I’ll make it short and sweet. The long-term survival of the original online game (D2 lod) was ONLY made possible by fusing game creation (development) and community creation (new use cases). Where I see failure is the lack of tools or content to embrace the community expanding. I would prefer to see PvP balance (stop avoiding it because it’s hard) and add various game types of PvP content (like WoW’s WSG & Arenas). Add this so the game has more than the obvious basic formula (Farm gear to beat boss, then achieve it, get items that you needed prior to the that fight…after the fight is over. Then rinses and repeats).
As your first forum post, it’s rather narrow-minded, I’m sorry.
Fact of the matter is, LOD compared to D4 has about 1% the complexity (thinks skills, paragon, glyphs, affixes, rolls, masterworking - and more, the whole shebang). Try balancing with those million variables in mind for PvP. If the whole D4’s developers haven’t cracked it yet, I don’t think you’re going to get the Nobel Prize for achieving this feat.
The long-term survival of LOD has nothing to do with your claim. LOD was the first true RPG that had such level of complexity and RNG in 2004, defining not just the era, but the genre. Same as Team Fortress 2 defined class-based shooters, StarCraft defined RTS, etc.
The game already has “more than the obvious basic formula”, and even the likes of POE need 4 month league cycles to add more layers and end game content to it.
As a challenge, name one top-down ARPG that has PVP nailed. D2 LOD doesn’t qualify, PVP isn’t balanced there to this day. Not in the OG one, and not in Resurrected.

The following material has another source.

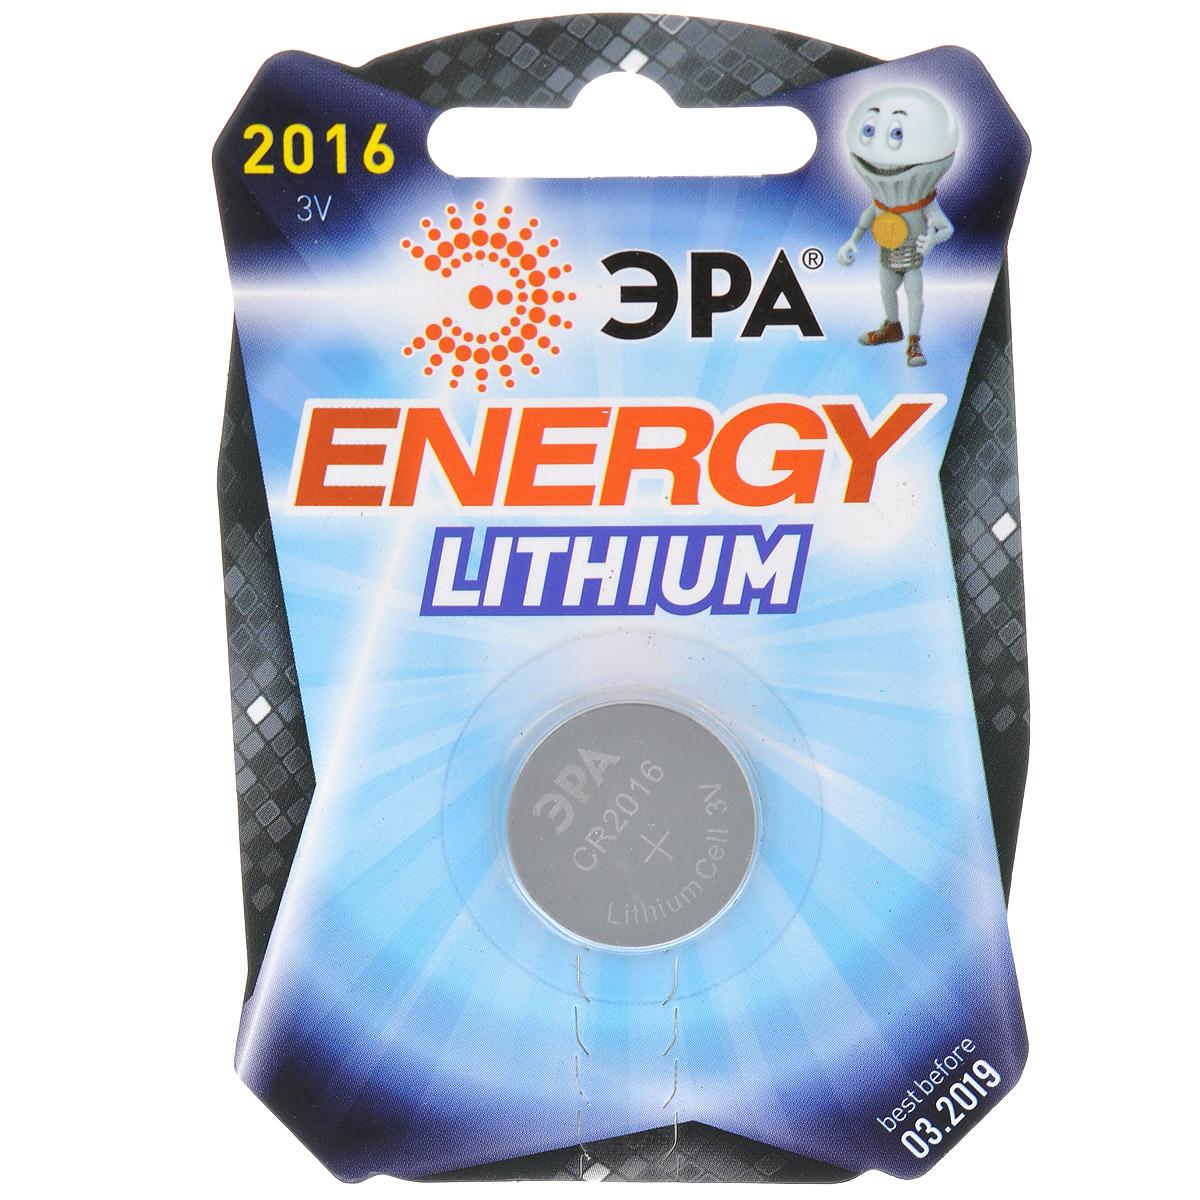 Батарейка литиевая ЭРА Energy, тип CR2016 (1BL), 3В5055398601051Литиевые батарейки ЭРА Energy оптимально подходят для повседневного питания множества современных бытовых приборов: электронных игрушек, фонарей, беспроводной компьютерной периферии и многого другого. Батарейки созданы для устройств с высоким потреблением энергии. Работают в 10 раз дольше, чем обычные солевые элементы питания. Диаметр батарейки: 1,9 см.

Interesting opinion. I don’t see the need to lock-out other game genres & types as a valid comparison of when PvP is semi-balanced (as you will never get it 100%). I believe PvP balancing cannot be a “bolt-on” development that gets slapped at the end of the overall gameplay development. Adding all that complexity you stated & back to the argument “because it’s hard”, Design with both PvE & PVP in mind from the start.